Instruction Cleanup Questions

I am working on cleaning up some PPC code generation. Two questions:

1. Which pass is responsible for cleaning up self-moves:
   0x00000000100057c0 <+208>: mr r3,r3

2. Which pass is responsible for cleaning up unconditional jumps that
should be fall-throughs:
   0x0000000010005d88 <+1688>: b 0x10005d8c <._Z11sfoo+1692>
   0x0000000010005d8c <+1692>: ld r3,-32056(r2)

Maybe there are no such passes, but these things appear in optimized
code, and I'm trying to figure out why.

Thanks in advance,
Hal

This should be handled by the MachineBlockPlacement (among others). Do you have a reduced est case?

Hi Hal,

I am working on cleaning up some PPC code generation. Two questions:

  1. Which pass is responsible for cleaning up self-moves:
    0x00000000100057c0 <+208>: mr r3,r3

and the RA should eliminate trivial copies.

and the RA should eliminate trivial copies.

Most probably PPC backend misses some hooks / descriptions...

Chandler,

Thanks for the pointer! It turns out that this was a problem only in
the context of a local modification (and I could fix it by fixing
AnalyzeBranch and friends). That triggered other problems, but that's
another story...

-Hal

Hi Hal,

>
> I am working on cleaning up some PPC code generation. Two
> questions:
>
> 1. Which pass is responsible for cleaning up self-moves:
> 0x00000000100057c0 <+208>: mr r3,r3
>

and the RA should eliminate trivial copies.

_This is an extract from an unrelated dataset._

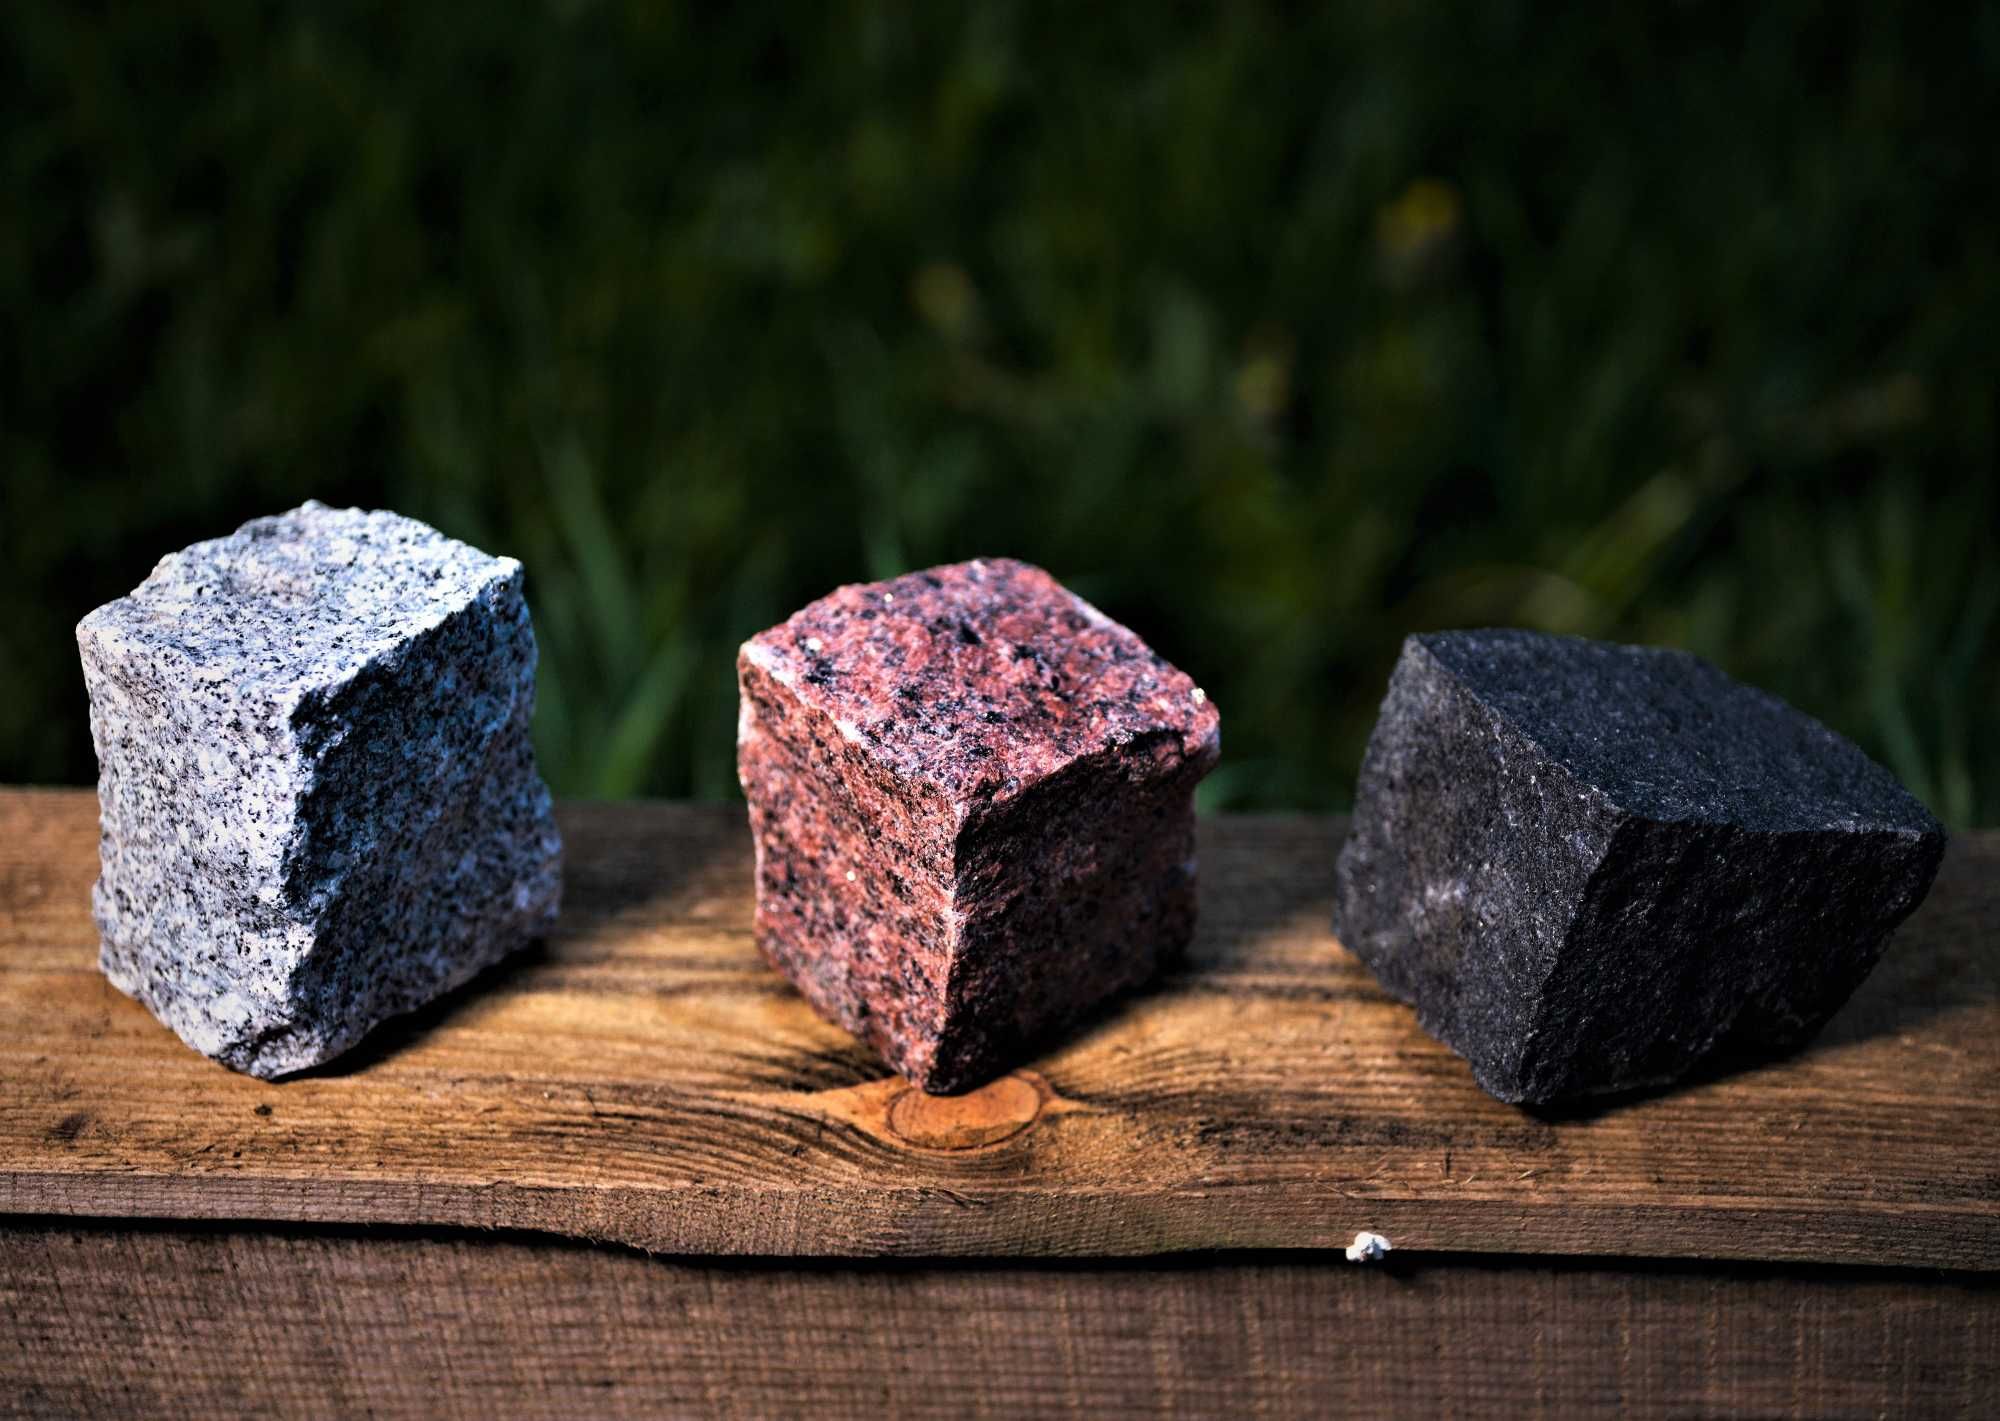 Kostka Granitowa | Granit | VANGA SZWED STRZEGOM

On PPC, normal moves are encoded as OR instructions where the two
operands being ORed together are the same. These self moves, as it
turns out, come from things like this:

%vreg18<def> = OR8To4 %vreg16, %vreg16; GPRC:%vreg18 G8RC:%vreg16

This is generated from the pattern:

def : Pat<(i32 (trunc G8RC:$in)),
          (OR8To4 G8RC:$in, G8RC:$in)>;

So, as far as RA is concerned, this is a "real" operation (a binary OR
which truncates the result to 32-bits (from 64-bit inputs)). In
effect, however, this is just a self copy.

How can I fix this?

Thanks again,
Hal

def : Pat<(i32 (trunc G8RC:$in)),
          (EXTRACT_SUBREG G8RC:$in, sub_32)>;

This exposes the copies to the register coalescer and VirtRegMap::rewrite() which eliminates identity copies. You can probably lose the OR8To4 pseudo after that.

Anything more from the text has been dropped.